Carlill v. Carbolic Smoke Ball Company Ltd is one of the most leading cases in the law of contracts under common law. Known for both its academic importance and its contribution in the development of the laws relating unilateral contracts, it is still binding on lower courts in England and Wales, and is still cited by judges in their judgements. This research paper aims to critically examine and analyze the facts and the judgement of the case, along with the issues raised in the case and the impact of this case in general.
To understand the case better, firstly let us look at the law as it stood before the case. The law as it stood before the case: A number of important issues were determined in this case, which still remains as an authority in a number of aspects. Before the judgement in Carlill v. Carbolic smoke ball company, the laws relating to rewards announced in advertisements (General offers), acceptance and communication of acceptance, and consideration were as follows: General offers: It was already established in the 1833 case of Williams v.
Carwardine that an advertisement amounted to a general promise or contract to pay the offered reward to any person who performed the conditions mentioned in it. Though not entirely binding, this decision was very much relied on in this case, as we will see in the judgement of the court regarding this issue. Acceptance and communication of acceptance in cases of this kind: The law relating to communication of acceptance was somewhat stated by Lord Blackburn in the case of Brogden v.
Metropolitan Railway Company when he observed “If notice of acceptance is required, the person who makes the offer gets the notice of acceptance contemporaneously with his notice of the performance of the condition. If he gets notice of the acceptance before his offer is revoked, that in principle is what you want. ” , but the case in which he stated the following lines were essentially different with regards to facts, so there was no definitive clarity on this matter till Carlill v.

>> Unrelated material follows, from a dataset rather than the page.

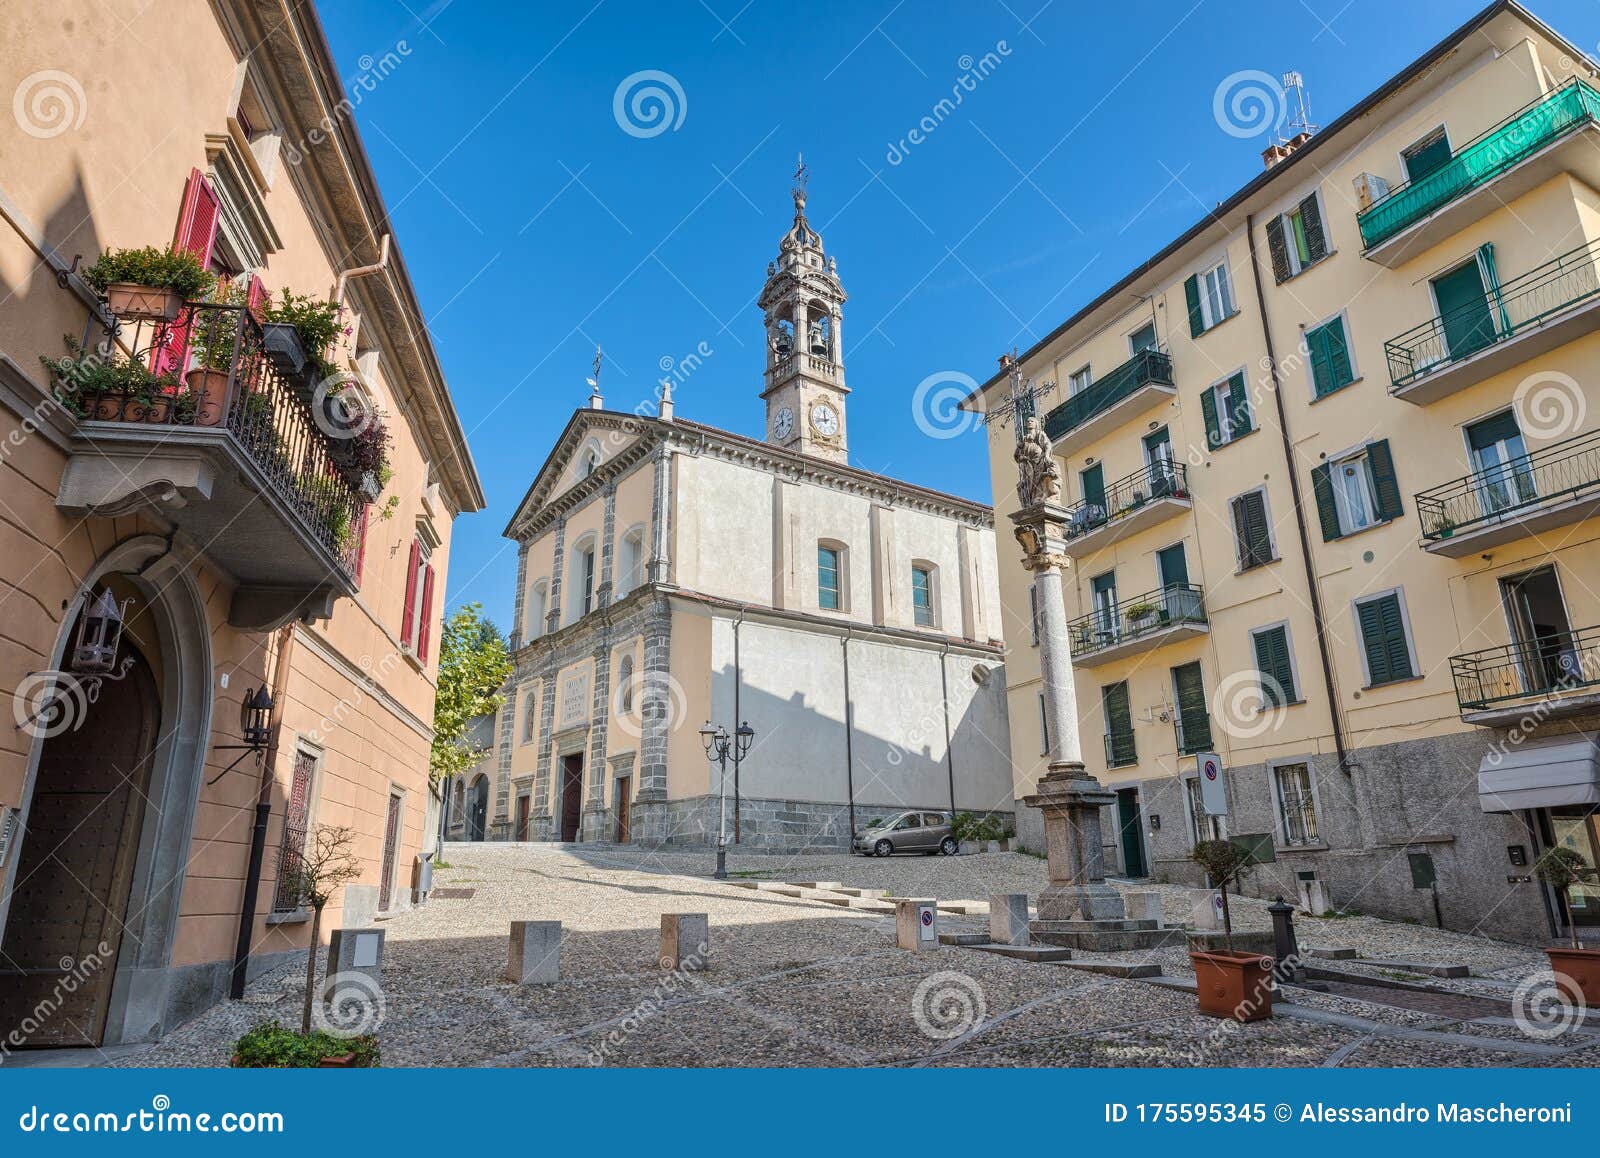 historic center of the town of oggiono, italy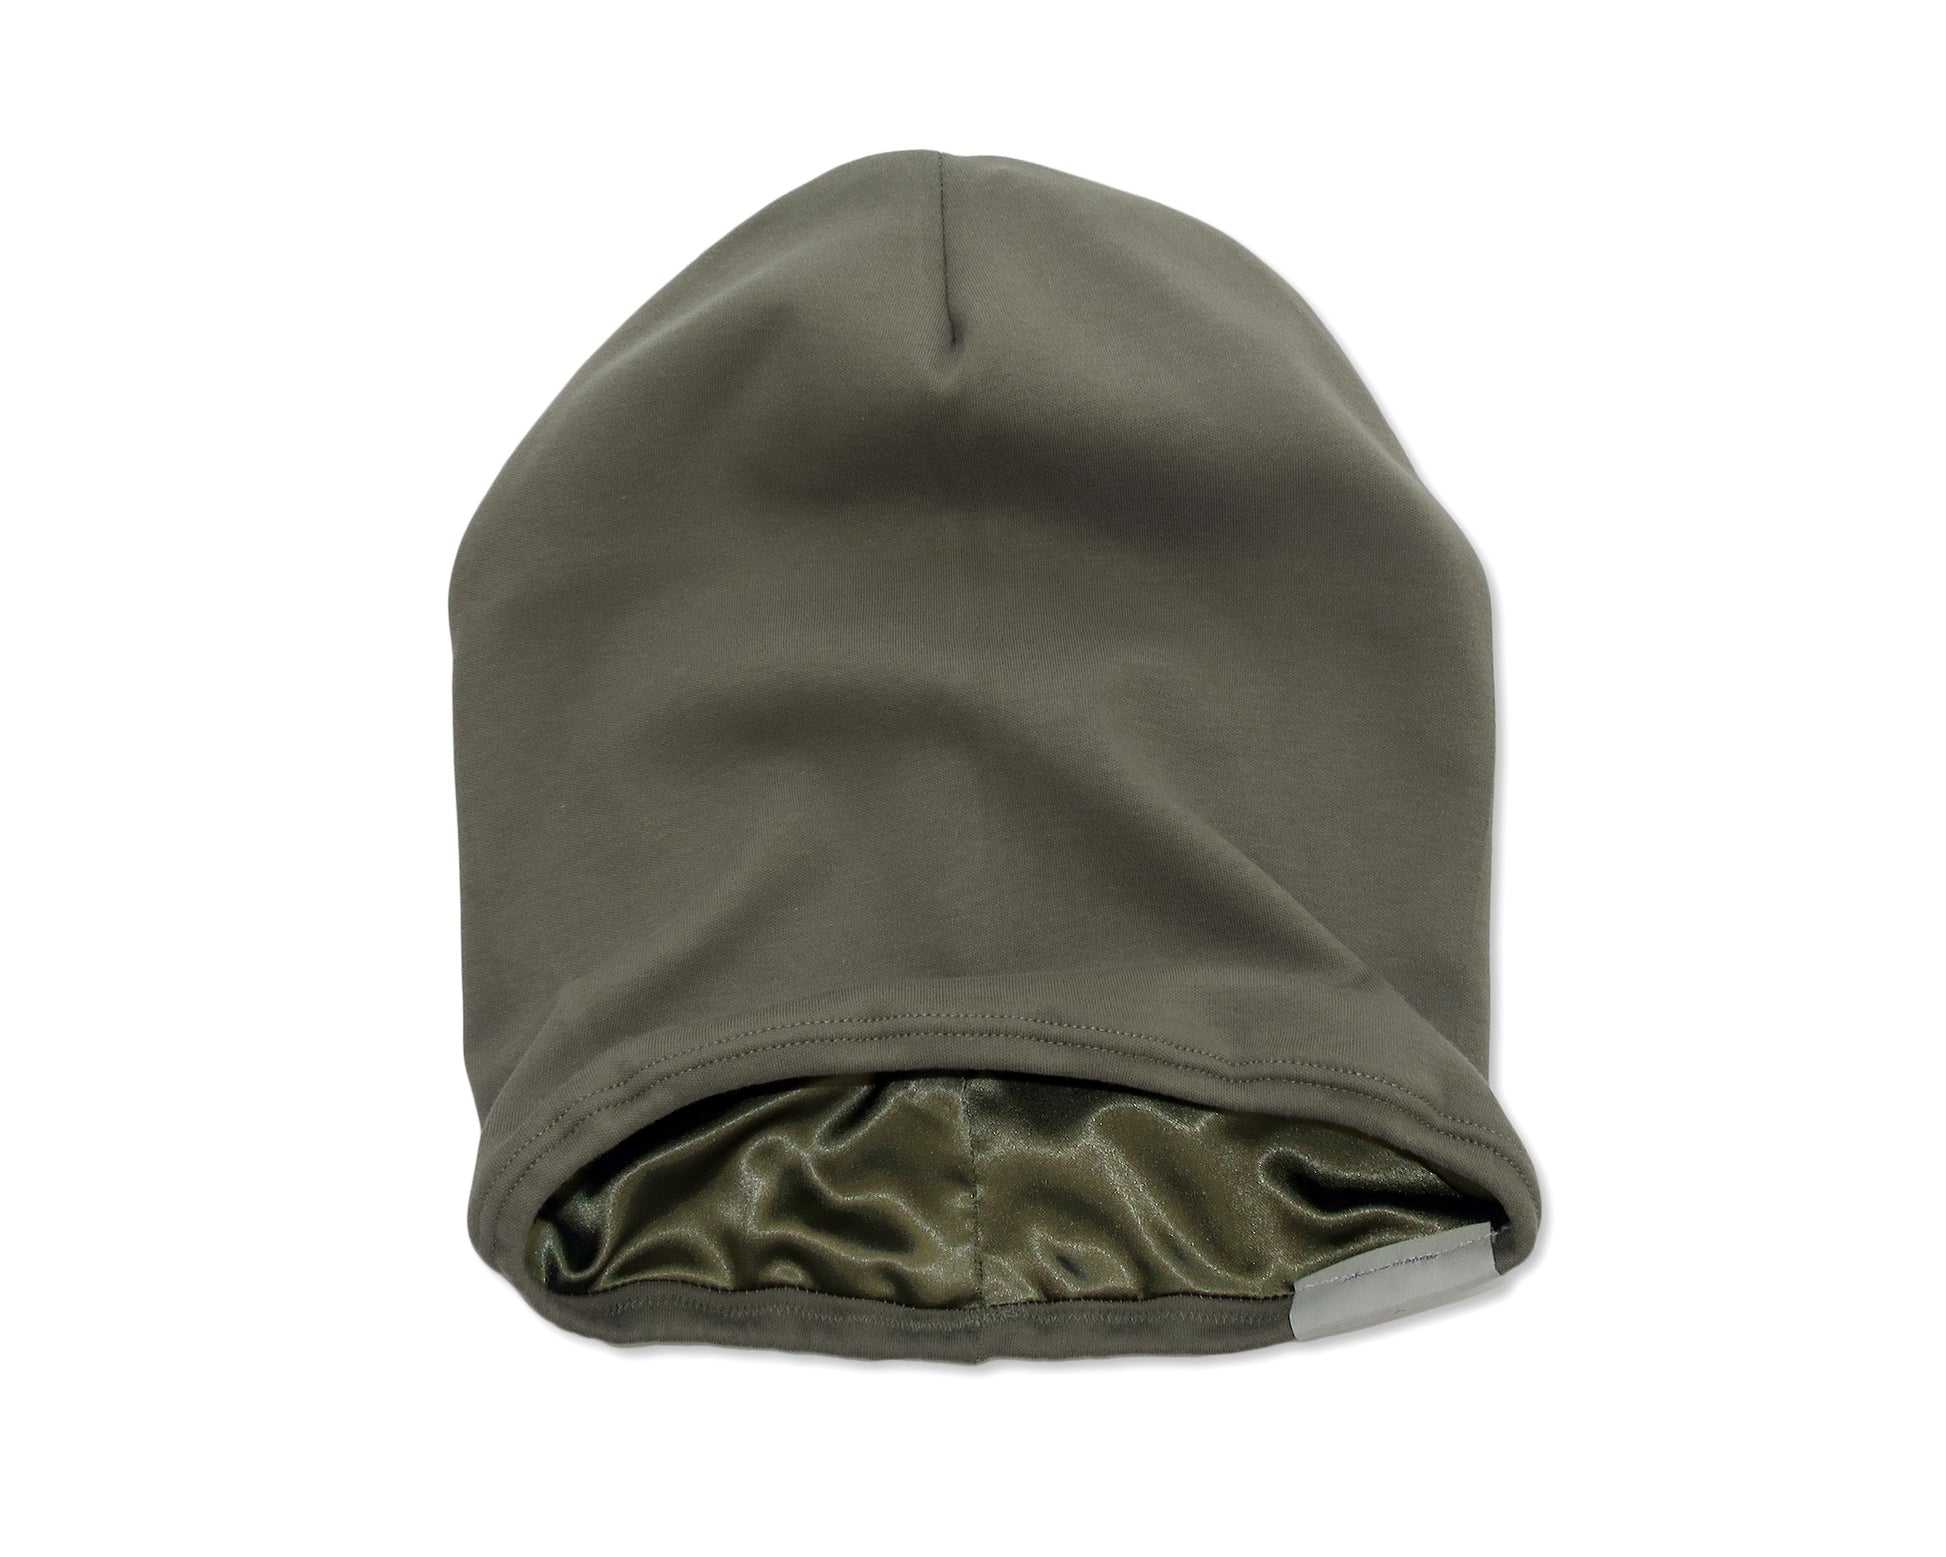 Khaki Satin-Lined Beanie for Women and Men - Soft and Warm Beanie with Satin Lining to Protect Hair

Carbolic Smoke Ball company was determined. Consideration: There was no authoritative judgement regarding consideration in such a circumstance before the judgement in Carlill case. Though the defendants cited Lord Campbell’s judgement in the case of Gerhard v. Bates in which he held that there was no consideration involved between two parties as a secondary justification to the judgement given by him, the court in this case held that the facts in Gerhard v.
Bates were different in nature and consideration was not the main question raised in that case, thus refusing to accept the argument of the defendants. Facts of the case: The Carbolic Smoke Ball Company, an English firm, came out with a product called the ‘smoke ball’, which it claimed to be a cure for influenza and a number of other diseases, during a period when flu pandemic was claiming a lot of lives. The company came out with advertisements to their product and published it in the Pall Mall Gazette and other newspapers on November 13, 1891.
The advertisement contained, among other things, the following: “ 100 pounds reward will be paid by the Carbolic Smoke Ball Company to any person who contracts the increasing epidemic influenza colds, or any disease caused by taking cold, after having used the ball three times daily for two weeks, according to the printed directions supplied with each ball. 1000 pounds is deposited with the Alliance Bank, Regent Street, showing our sincerity in the matter.
During the last epidemic of Influenza many thousand carbolic smoke balls were sold as preventives against the disease, and in no ascertained case was the disease contracted by those using the carbolic smoke ball. ” In late 1891, Mrs Louisa Carlill saw the advertisement, bought one of the balls and used it according to the instructions, three times daily for a period of three months. In spite of it, she contracted influenza on the 17th of January, 1892, and thus, she claimed the 100 pounds from the Carbolic Smoke Ball Company as announced by them.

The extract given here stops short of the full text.